Once the promoter region is detected by the holoenzyme, the sigma factor opens up the DNA helix for the core enzyme to initiate transcription. And then the sigma factor is released. It is important to note that transcription starts at +1 point, which lies before the protein-coding segment of the gene (usually at the sequence ATG), which is where translation usually starts. Hence the RNA which formed before the ATG sequence is called 5’-untranslated region or 5’ UTR.
Elongation:
As the RNA polymerase moves along the DNA, it unwinds the DNA ahead of it and rewinds the DNA that has already been transcribed, in this way it maintains a region of single stranded DNA, called a TRANCRIPTION BUBBLE, within which the template strand is exposed. In the bubble, polymerase monitors the binding of a free ribonucleoside triphosphate to the next exposed base on the DNA template, and if there is a complementary match, adds it to the chain. The energy for the addition of a nucleotide is derived from splitting the high-energy triphosphate and releasing inorganic diphosphate, as follows:
NTP + (NMP)n ————— > (NMP)n+1 + PPi
Elongation is performed by the core enzyme. After the initiation process, the core enzyme moves on the DNA template strand for RNA synthesis. The core enzyme will unwind the DNA strands to separate template from the non template strand. After unwinding of the helix, RNA synthesis will start leading to the formation of DNA-RNA hybrid. Like DNA replication, here also the substrate is activated from ribonucleoside monophosphate to ribonucleoside triphosphate. The RNA polymerase will continue moving on the DNA template to form RNA till it reaches the termination region.
Termination:
The transcription of an individual gene is terminated beyond the protein-coding segment of the gene, creating a 3’ untranslated region (3’ UTR) at the end of the transcript. Elongation continues until RNA polymerase recognizes special nucleotide sequences that act as a signal for chain termination. The encounter with the signal nucleotides initiates the release of the nascent RNA and the enzyme from the template. The two major mechanisms for the termination in E. coli are INTRINSIC and rho DEPENDENT.

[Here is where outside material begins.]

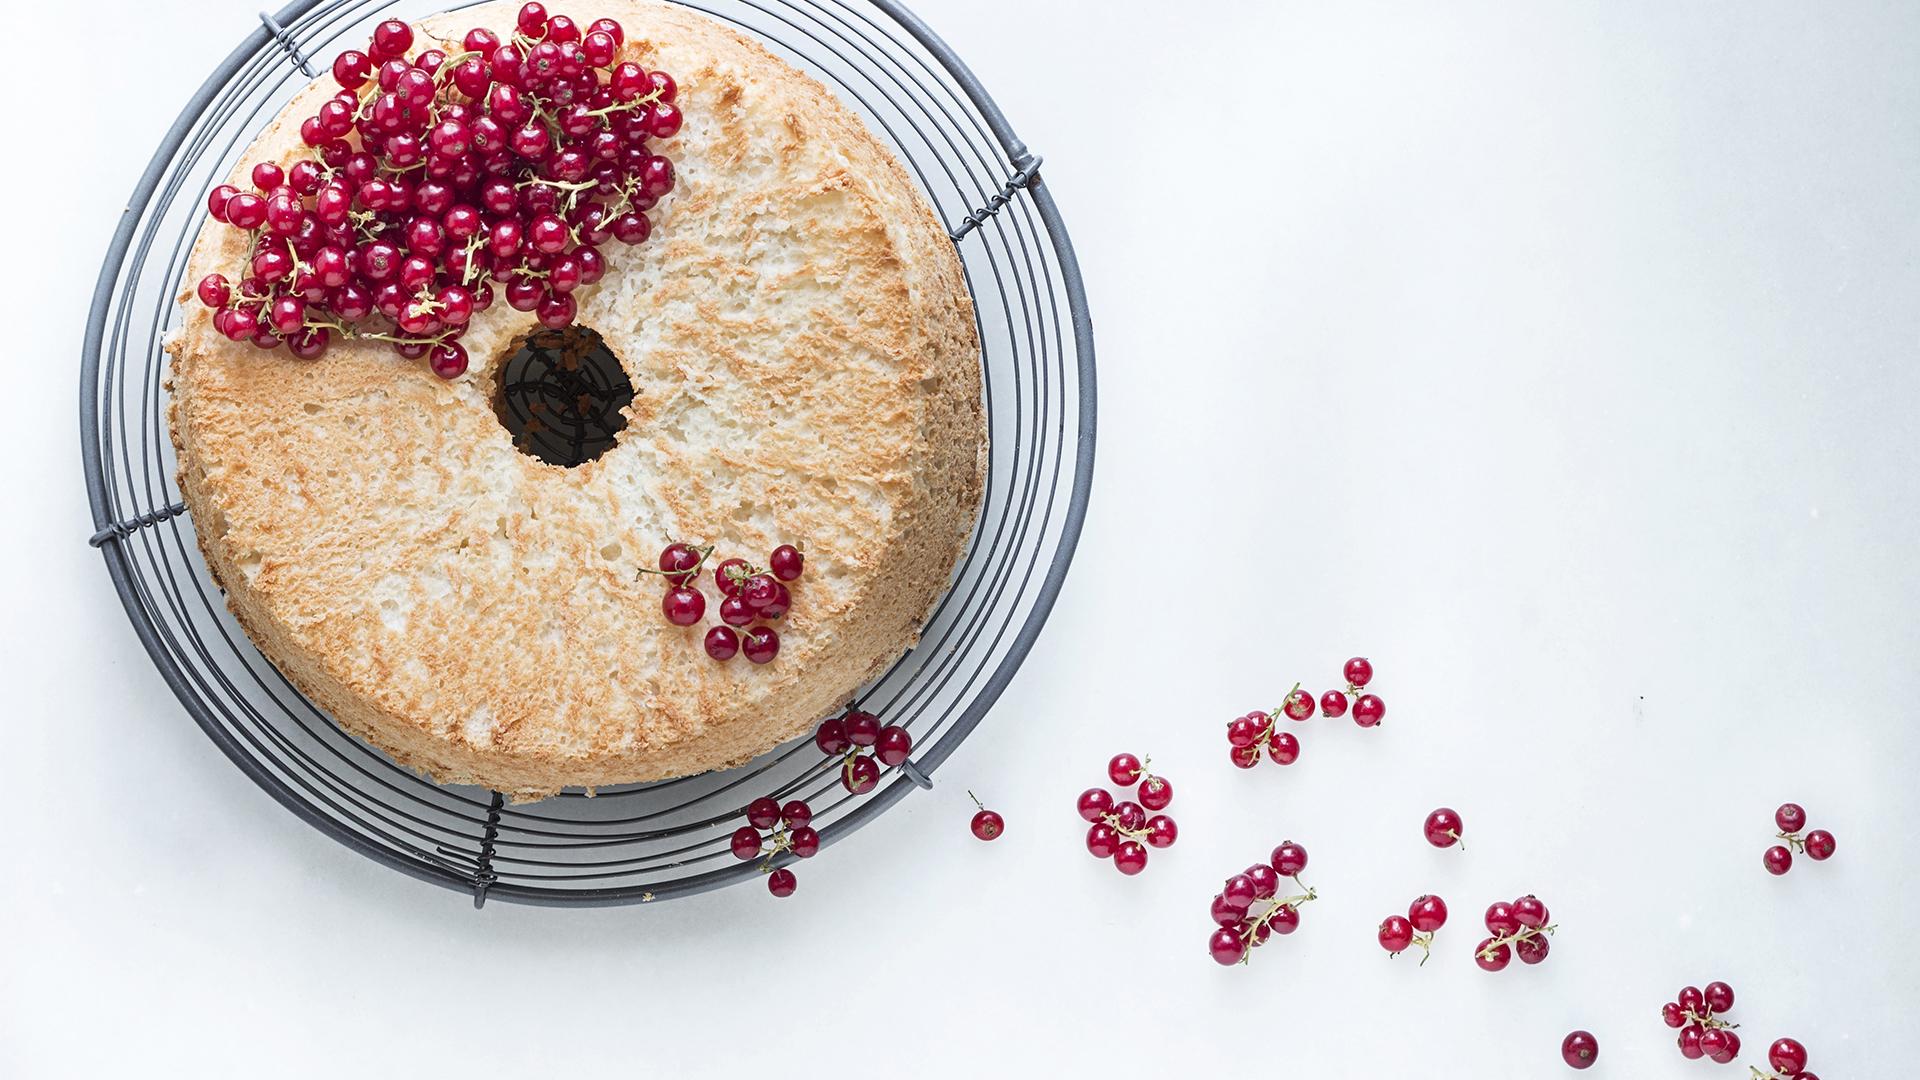 Image recetas-pastel-angel-food-cake-santos-02

- Intrinsic (rho independent)
- Rho dependent
Intrinsic method of termination:
In this method, the termination is direct. The terminator sequence contains about 40bp, ending in a G-C rich stretch followed by a run of six or more A’s on the DNA template strand. The RNA strand opposite to G-C rich DNA template will also have GC rich RNA strand, which will form during transcription. These C and G bases are able to form complimentary hydrogen bonds with each other resulting in a hairpin loop. The loop is followed by a run of about eight U’s that correspond to the A residues on the DNA template.
Note: Normally, in the course of transcription elongation, RNA polymerase will pause if the short DNA-RNA hybrid in the transcription bubble is weak and will backtrack to stabilize the hybrid. For example, in the hairpins, the strength of the hybrid is determined by the relative number of G-C compared to A-U (or A-T in the RNA-DNA hybrid) base pairs.

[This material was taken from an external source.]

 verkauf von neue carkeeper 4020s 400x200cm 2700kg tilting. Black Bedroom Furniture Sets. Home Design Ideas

In the intrinsic mechanism, the polymerase is believed to pause after synthesizing the U’s (which form a weak DNA-RNA hybrid). However, the backtracking polymerase encounters the hairpin loop which prevents it from finding a stable hybrid. This roadblock sets off the release of RNA from the polymerase and the release of the polymerase from the DNA template.
Rho Dependent Transcription:
In this method, the termination site is rich in C-residues and poor in G-residues. There is an upstream part, called rut (rho utilization) site at the 5’-end. Rho protein is a hexamer consisting of 6-identical subunits that bind to a nascent RNA chain at the rut site. These sites are located just upstream from sequences at which the RNA pol tends to pause.
The rho protein moves or follows the RNA pol on the RNA strand. The rho protein utilizes ATP to move on the RNA strand. As the RNA pol stops because of the termination bases, the rho protein collides with the enzyme and thus RNA pol releases from the RNA strand.